All of the data must be written out verbatim, with pictures excluded.

- Supplied information -
──────────────────────────────
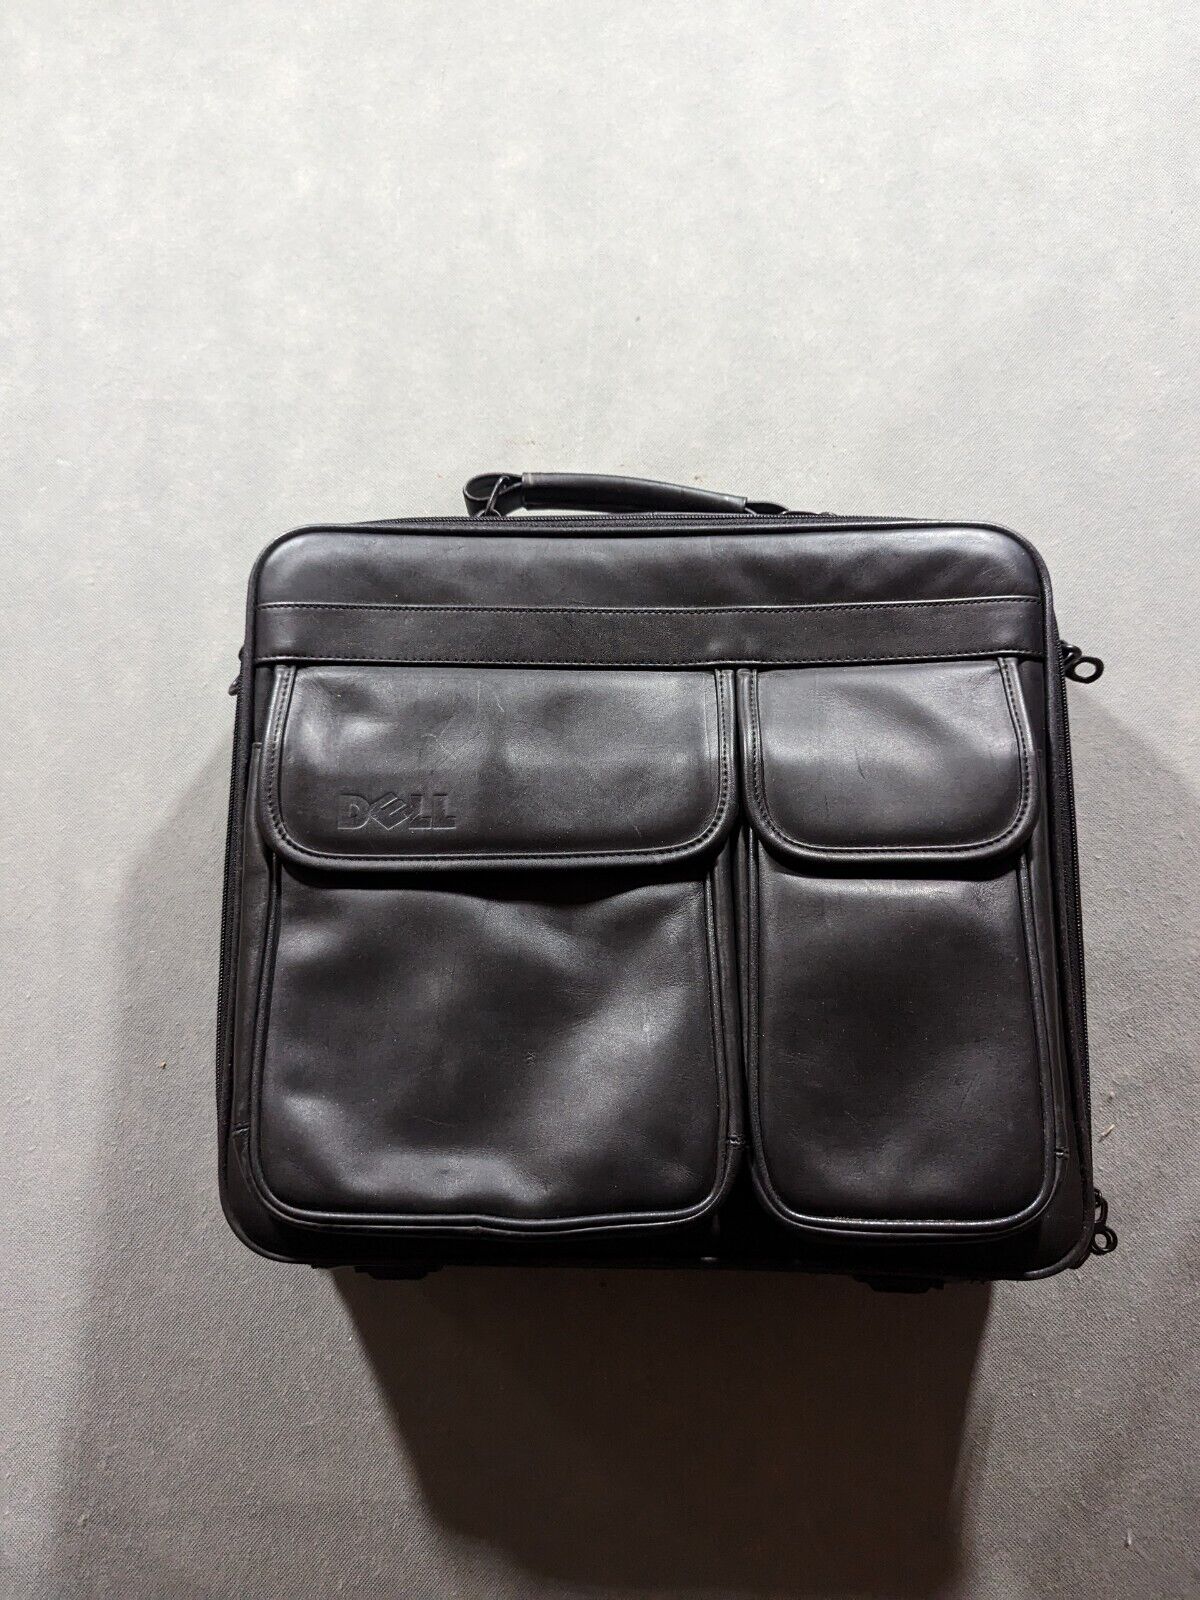 Dell Computer Bag Large Black Leather Laptop Messenger Portfolio Briefcase 
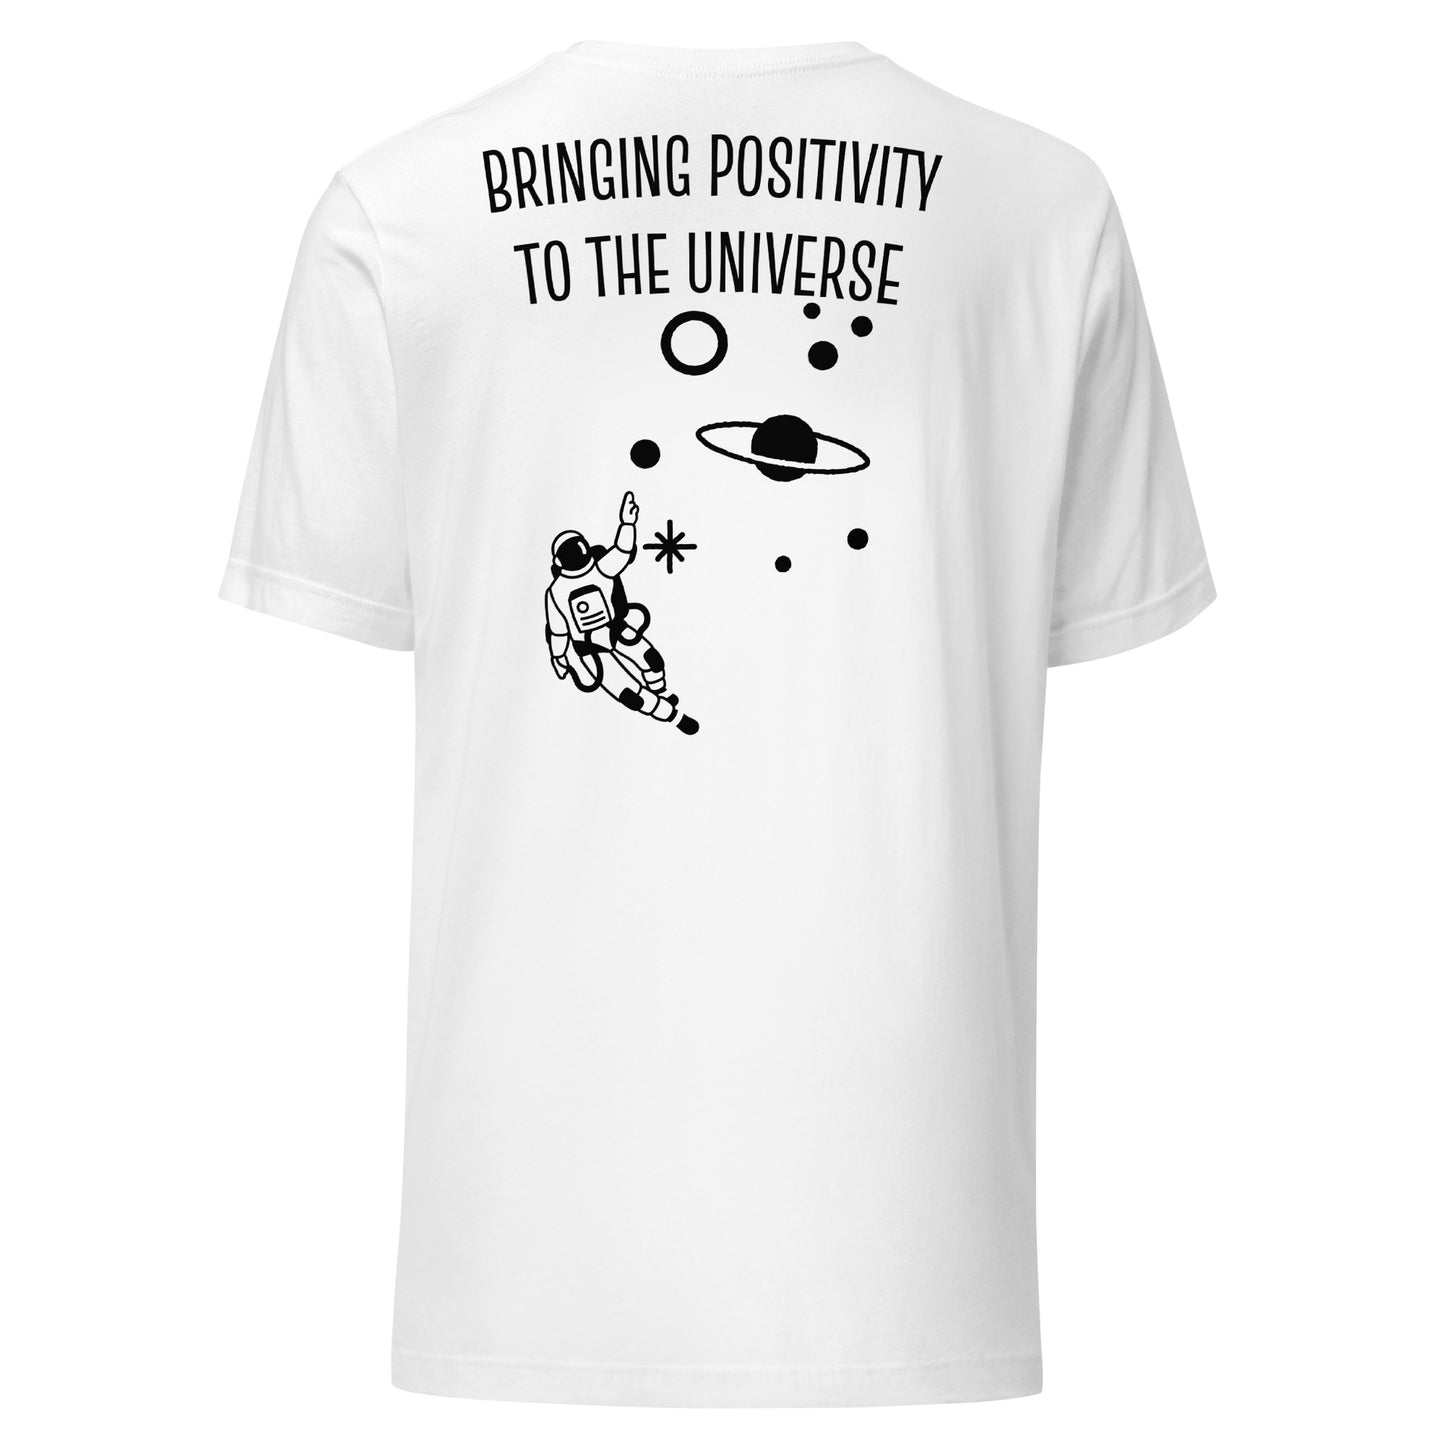 U.C Logo & Bringing Positivity t-shirt
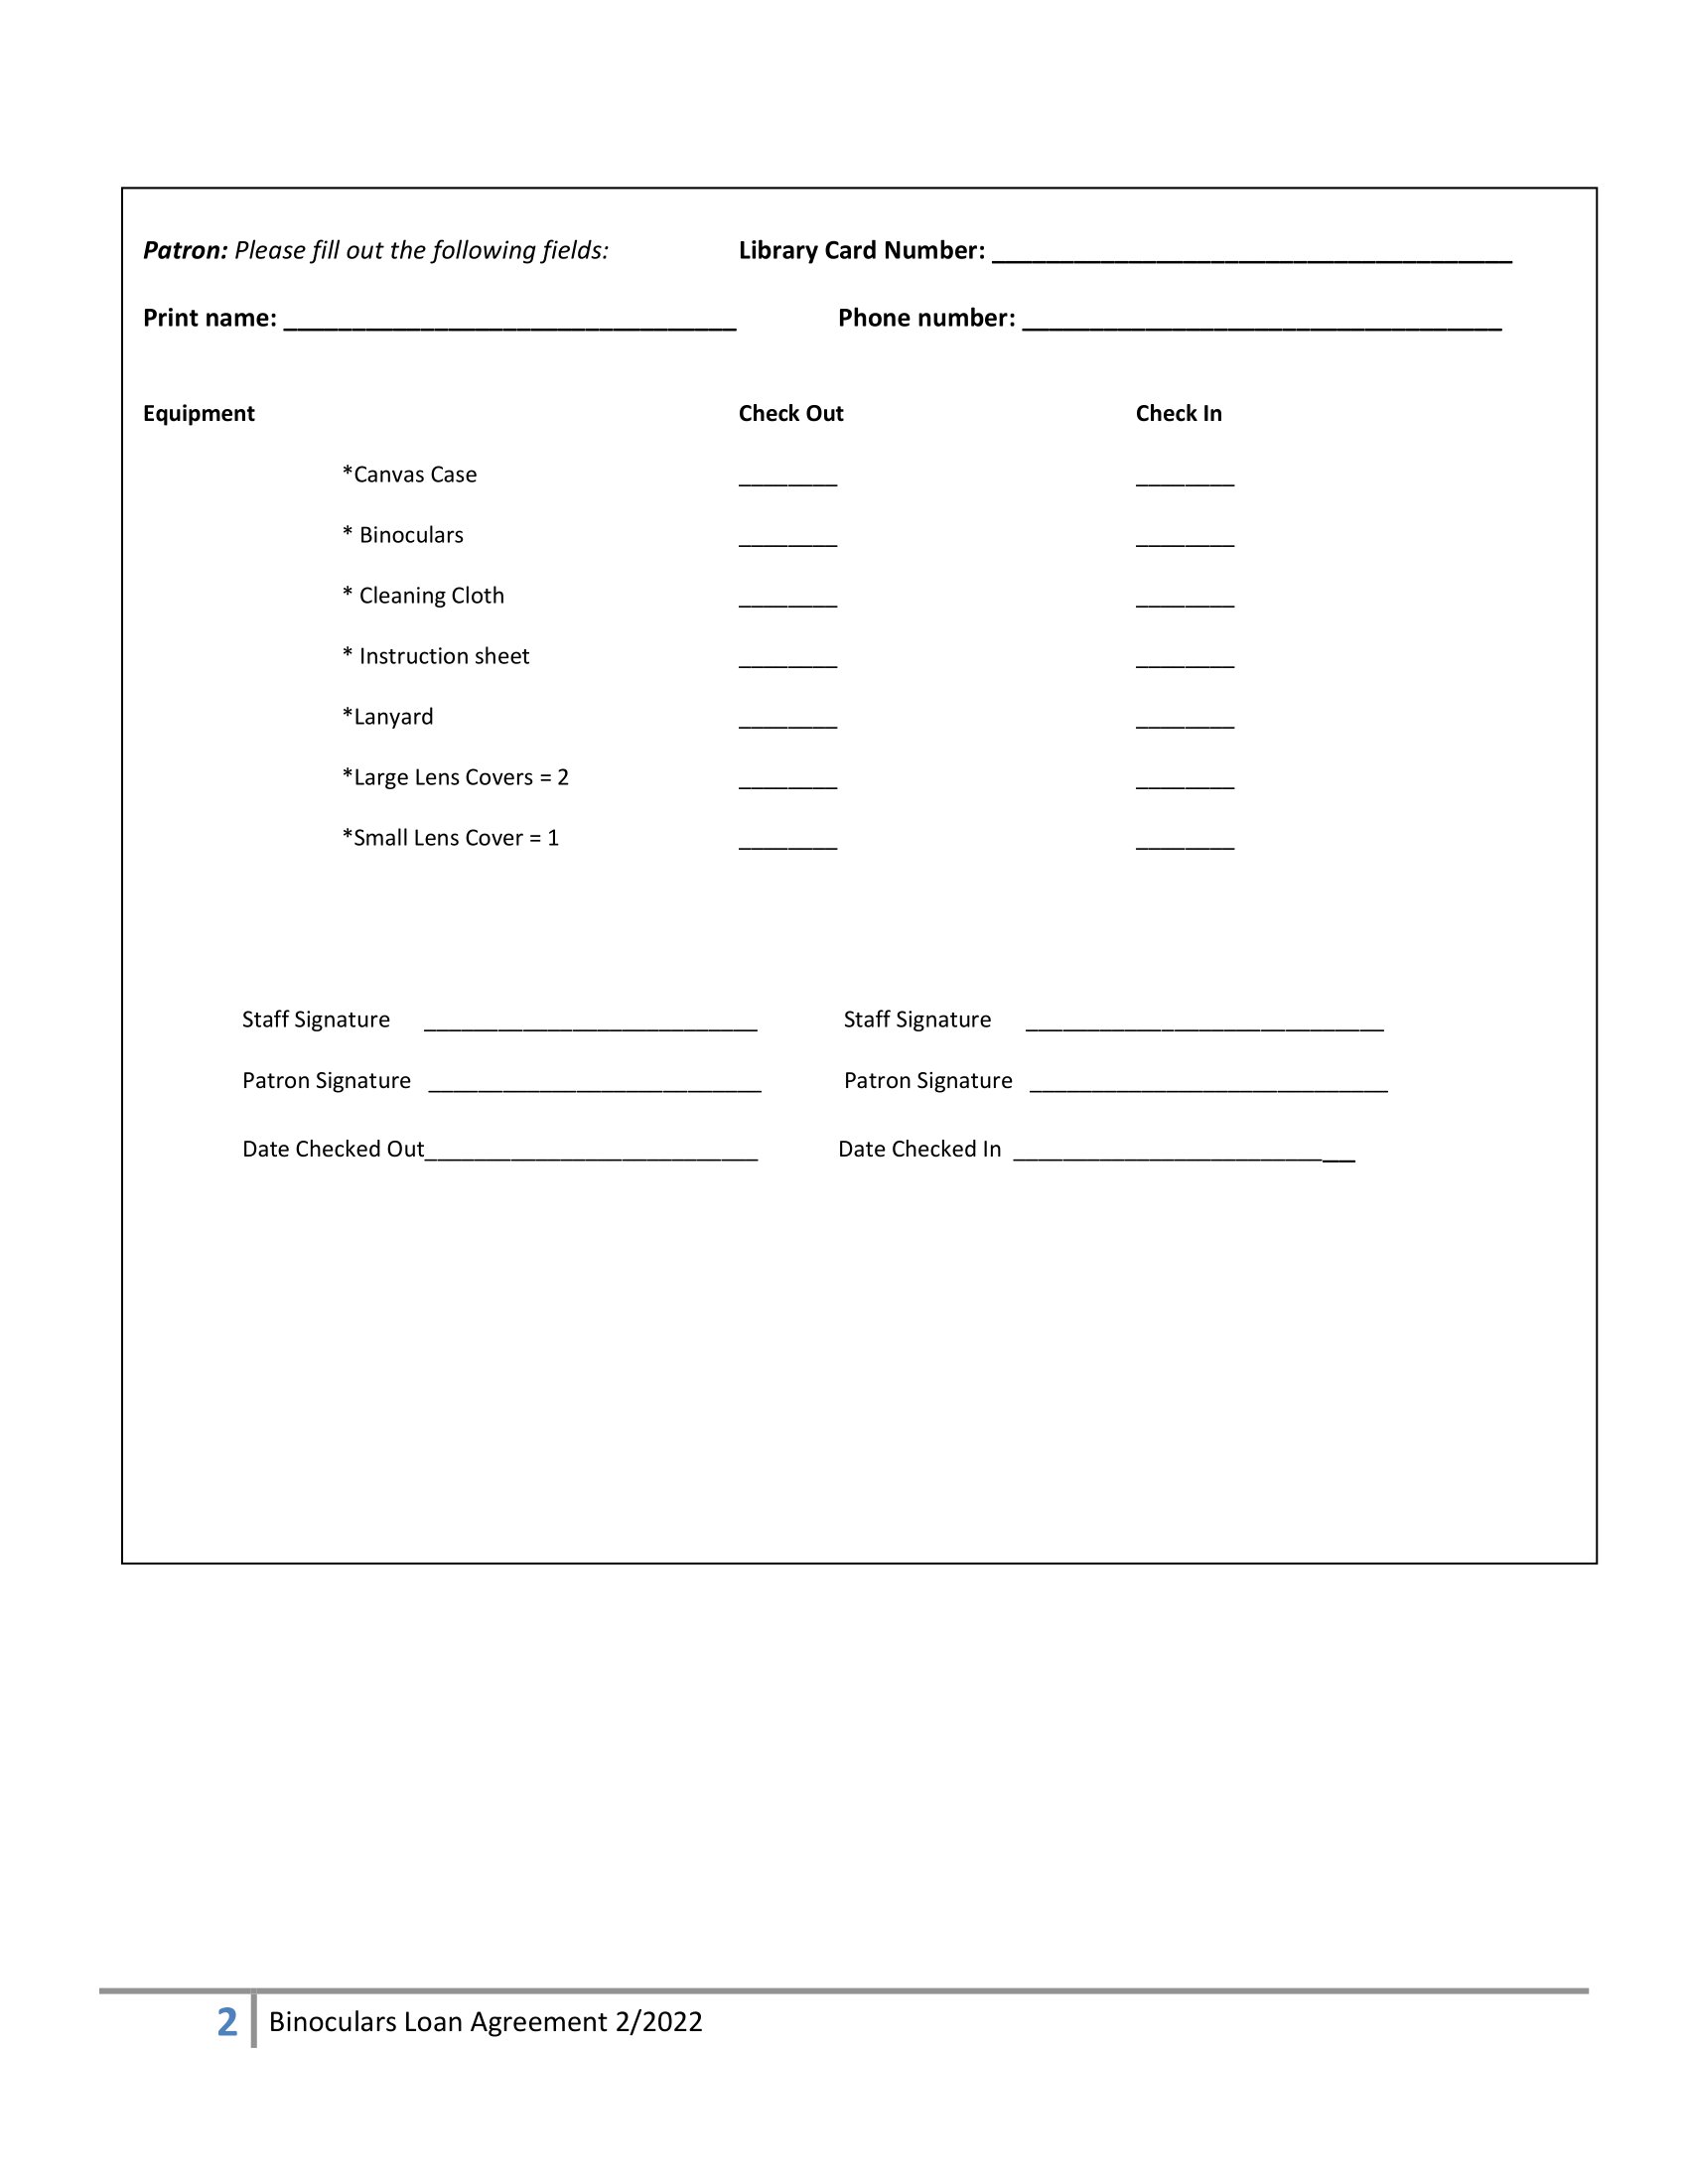 Binocular Loan Agreement page 2
──────────────────────────────
- Output below -
 Dell Computer Bag Large Black Leather Laptop Messenger Portfolio Briefcase 
 U.C Logo & Bringing Positivity t-shirt
 Binocular Loan Agreement page 2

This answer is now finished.